TLDR:
- Ticketmaster customers in North America have been notified about a hack that occurred in May, compromising personal and payment information of 560 million customers worldwide.
- The hackers responsible for the breach, a group called ShinyHunters, are attempting to sell the stolen data online for $500,000.
Full Article:
Ticketmaster customers in North America have been sent emails alerting them to take action after the company’s hack in May that compromised personal and payment information of approximately 560 million customers globally. The company has not specified why it took so long to notify customers about the breach, which was initially revealed by the hackers themselves.
The hackers, known as ShinyHunters, advertised offering the stolen data for $500,000 on a hacking forum.

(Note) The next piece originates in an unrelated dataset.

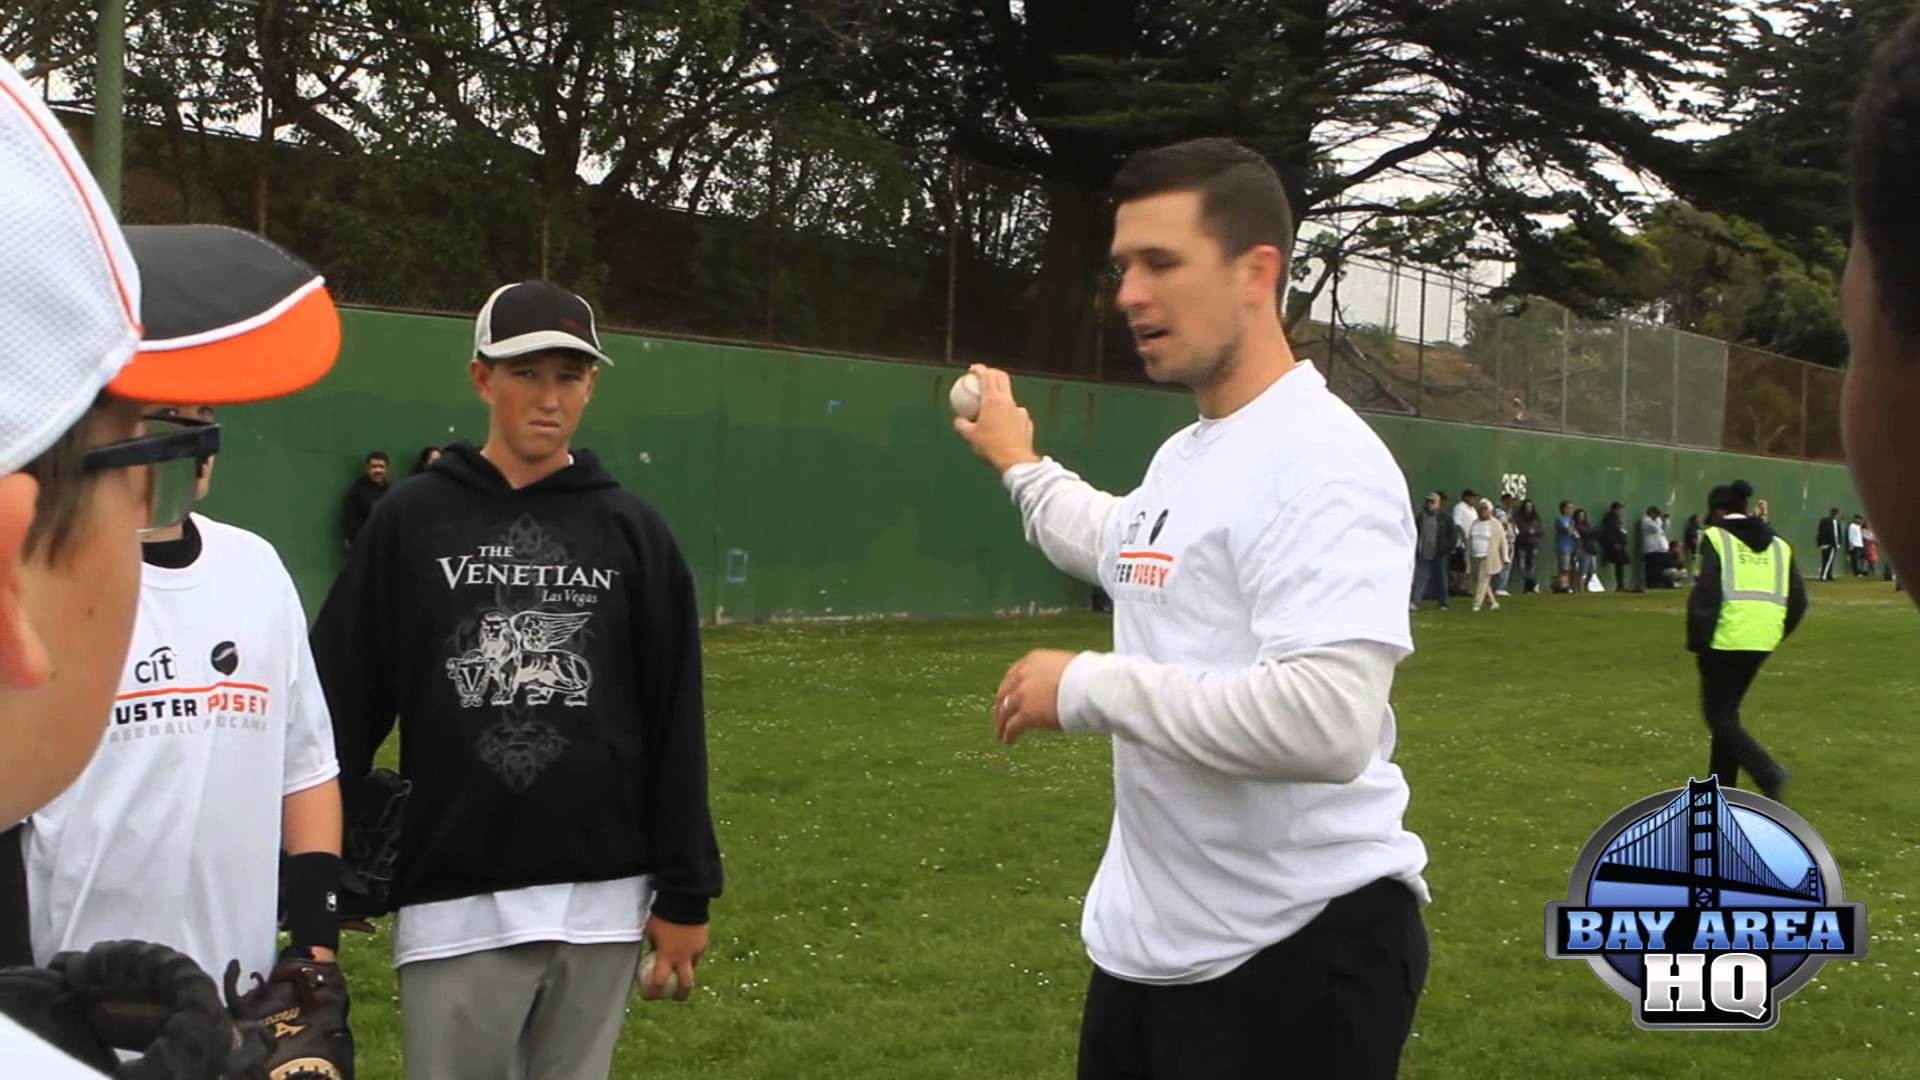 Beginner Youth Baseball Tips from Buster Posey, San Francisco Giants at  ProCamps! – YouTube

It was later discovered that the hackers gained access to Ticketmaster’s data by stealing login credentials from Snowflake, Ticketmaster’s cloud storage provider. In total, over 160 other Snowflake clients were also targeted in similar attacks.
Despite the breach, Ticketmaster’s parent company, Live Nation, downplayed the impact on its business in a notice to shareholders. The company has urged customers to monitor their online accounts and sign up for identity monitoring services, which Ticketmaster is covering the cost for.
The hackers not only stole names and basic contact details but also encrypted credit card information. However, the company has not clarified the level of encryption security in place. There is concern that the stolen data could lead to secondary hacking or fraud attempts, although there is currently little evidence of this occurring at scale.